Automatic certificate updates with existing SSL Certificate

Follow these steps for configuring HCL SafeLinx with ACME provider when SSL certificate already exists.

About this task

Setup procedure to support ACME providers:

Procedure

  1. Create HTTP Service on SafeLinx Server
    1. Navigate to SafeLinx server administration interface.
    2. Create/edit an HTTP service with the following configurations (some of below options might not be available in service create wizard, use service edit wizard for making mentioned changes):

      Service URL: Provide HTTPS URL on which HTTP service will be hosted.

      TCP port to listen on: 443 or any available port to allow requests for HTTP service.

      Enable Enable Automatic Certificate Update.

      Provide Certificate Store Server:port details (valid): <cert_store_server_name>:<port_number>

      Application server URL: NOAUTH http://<domino-server-url>/.well-known/ & add the required domino server URL. Add 80 to Redirect HTTP ports
      Note: AMCE HTTP-01 challenge should be listed and server on port 80.

      Select any Authentication Profile and other configurations as required.

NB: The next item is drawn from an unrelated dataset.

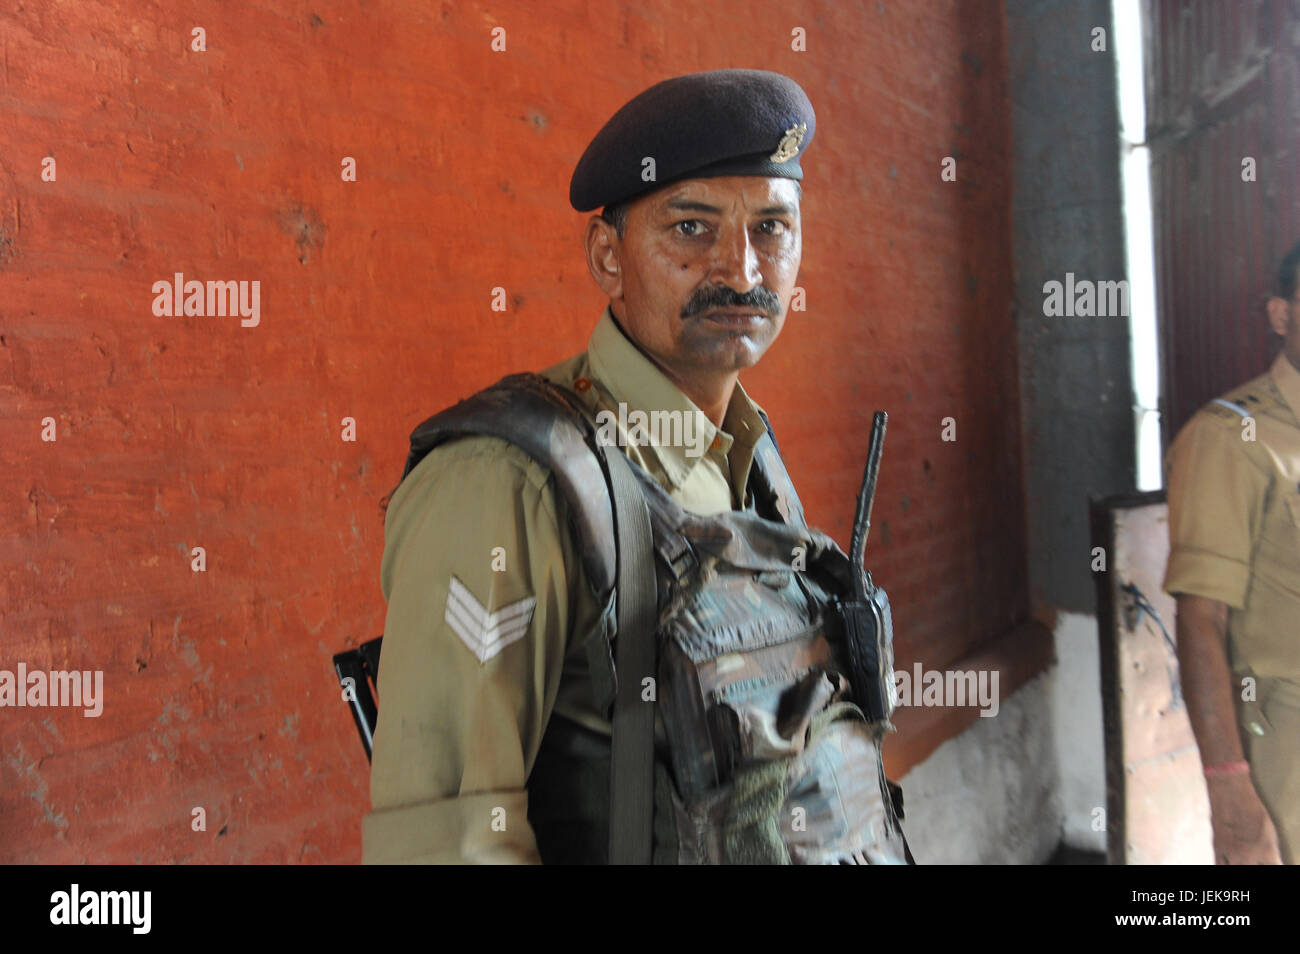 L'agent de police dans le bâtiment, à Srinagar, Jammu Cachemire, l'Inde, l'Asie Banque D'Images

  2. Submit Certificate Request from Certificate Store
    1. Access CertManager on the Domino server.
    2. Select Add TLS Credentials in the Certificate Store.
    3. Choose Create Exportable Key and set a strong password.
    4. Specify SafeLinx server name as Host names, Domino server with access in Server with access fields.
    5. Select ACME as Certificate provider and select corresponding ACME account.
    6. Update the other fields and Certificate Attributes.
    7. Submit the request.
    8. Use Export TLS credentials to export the generated certificate as a P12 file with the provided password.
      Note: This file will be used as the keyring file in SafeLinx configuration.
  3. Update SafeLinx Configuration
    1. Modify the existing SafeLinx configuration:

      Provide the path of the generated P12 file in PKCS12 keystore file.

      Update the Keystore password with the password used during P12 file generation.

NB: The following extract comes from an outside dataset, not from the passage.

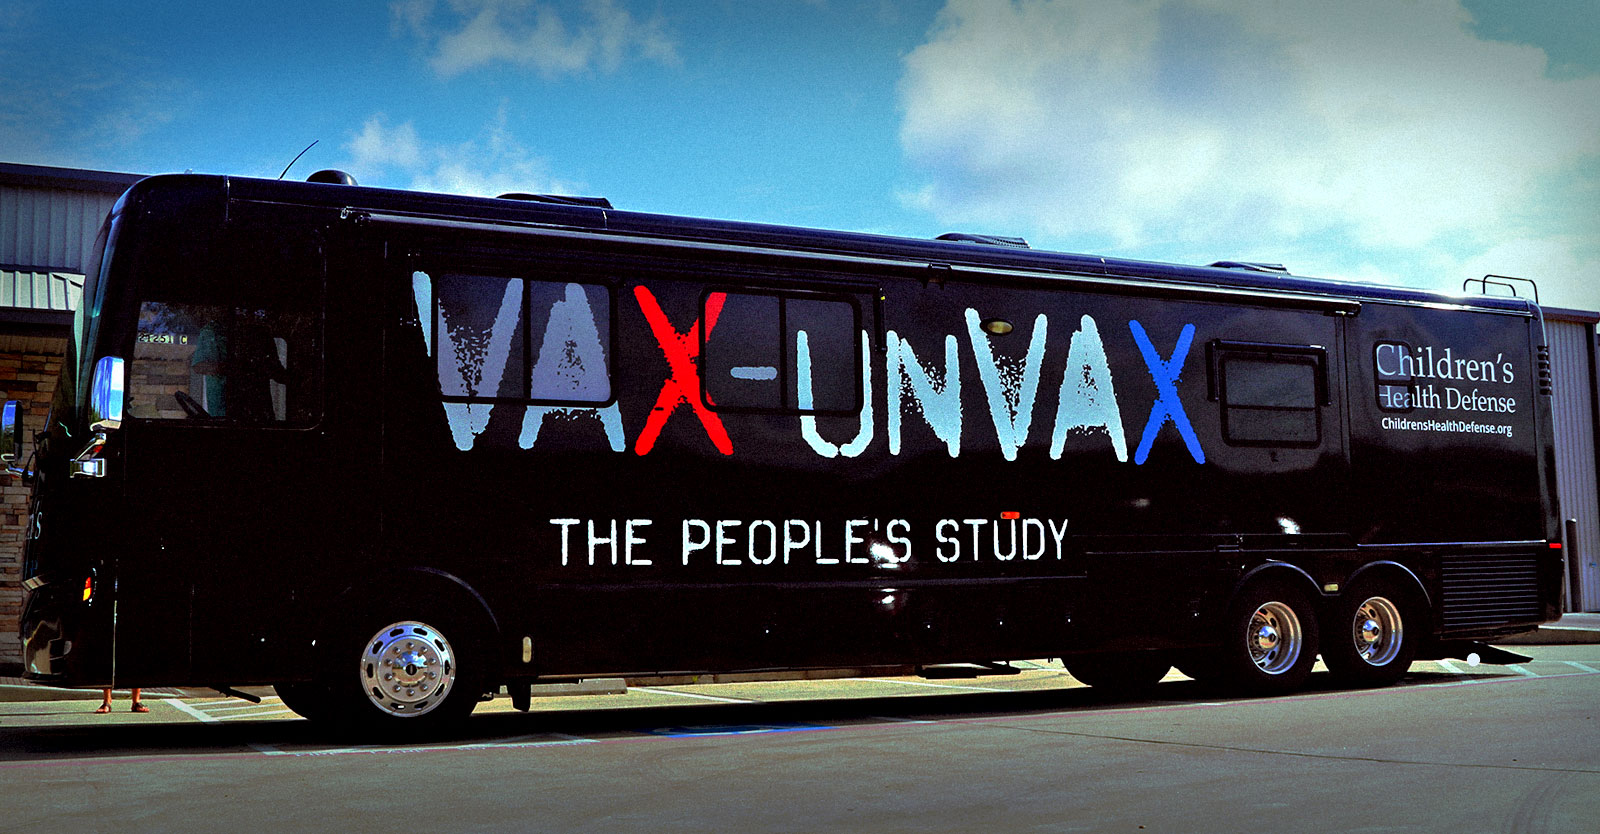 CHD's Vax-Unvax tour bus; image courtesy of CHD.

      Configure the time interval for certificate updates, at Time interval to check for certificate updates (hrs) field.

      Keep 80 port entry in Redirect HTTP ports in the General tab.

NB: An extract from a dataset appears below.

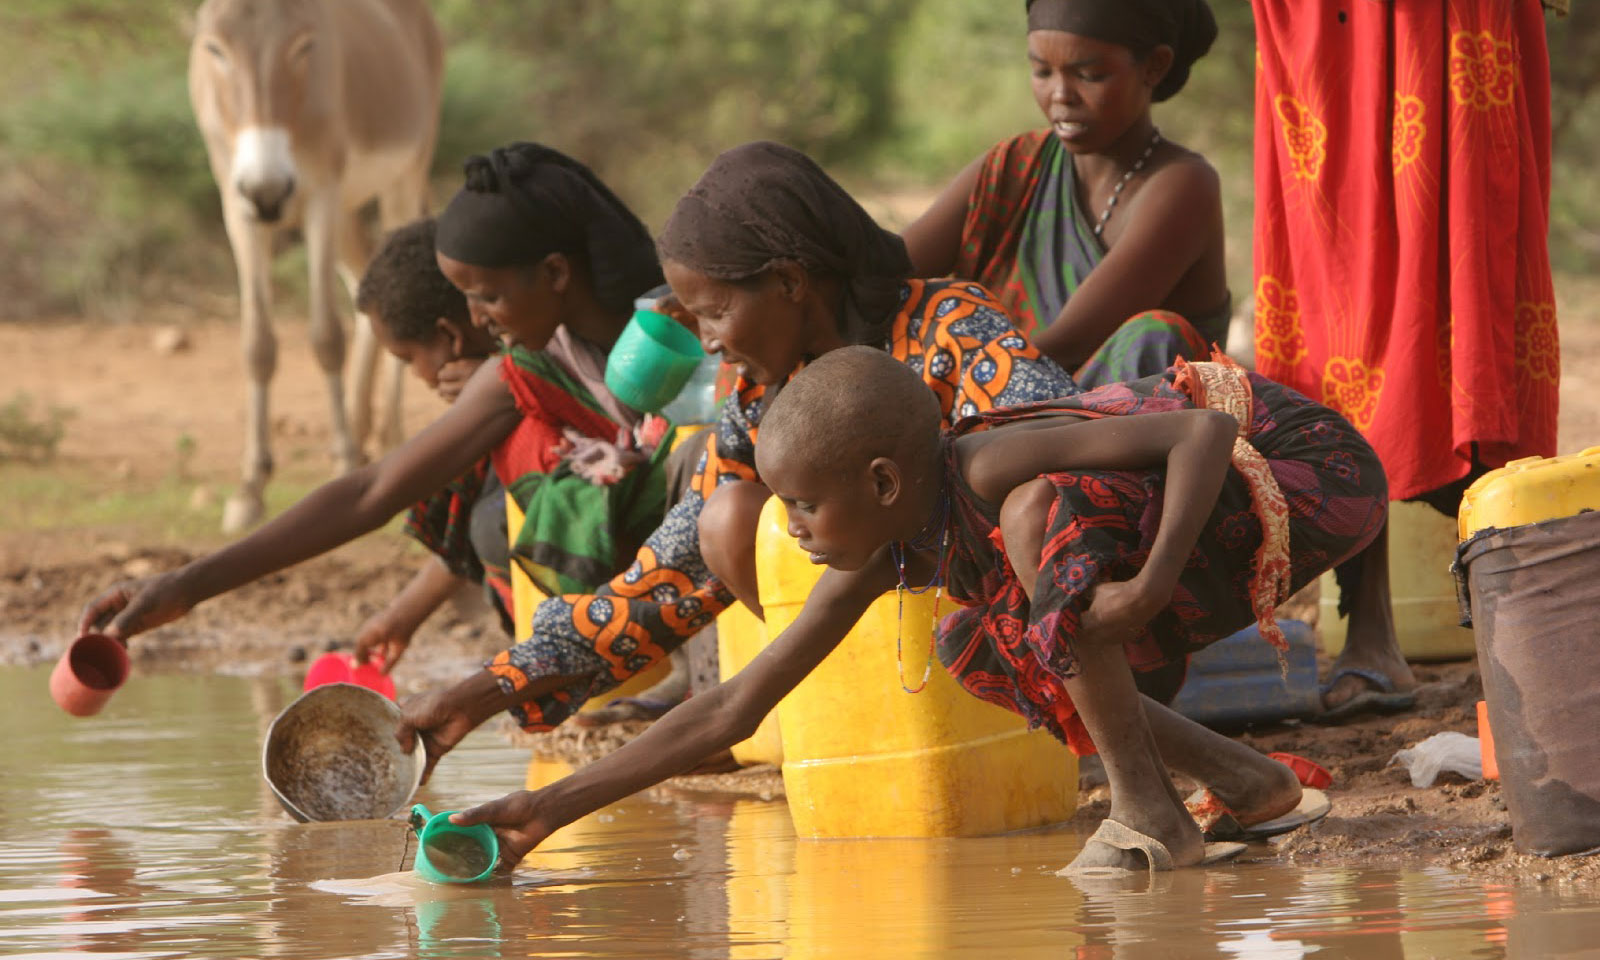  Por falta de fondos, ONU se ve obligada a cortar alimentos de 1.3 millones de niños en África

    2. Save changes and restart the SafeLinx server for the changes to take effect.
  4. Access SafeLinx Service URL to verify the certificate details.

Results

You have successfully configured SafeLinx for the first time with an SSL certificate. The setup ensures secure communication between SafeLinx and other servers, with automatic certificate updates facilitated by CertManager and ACME providers.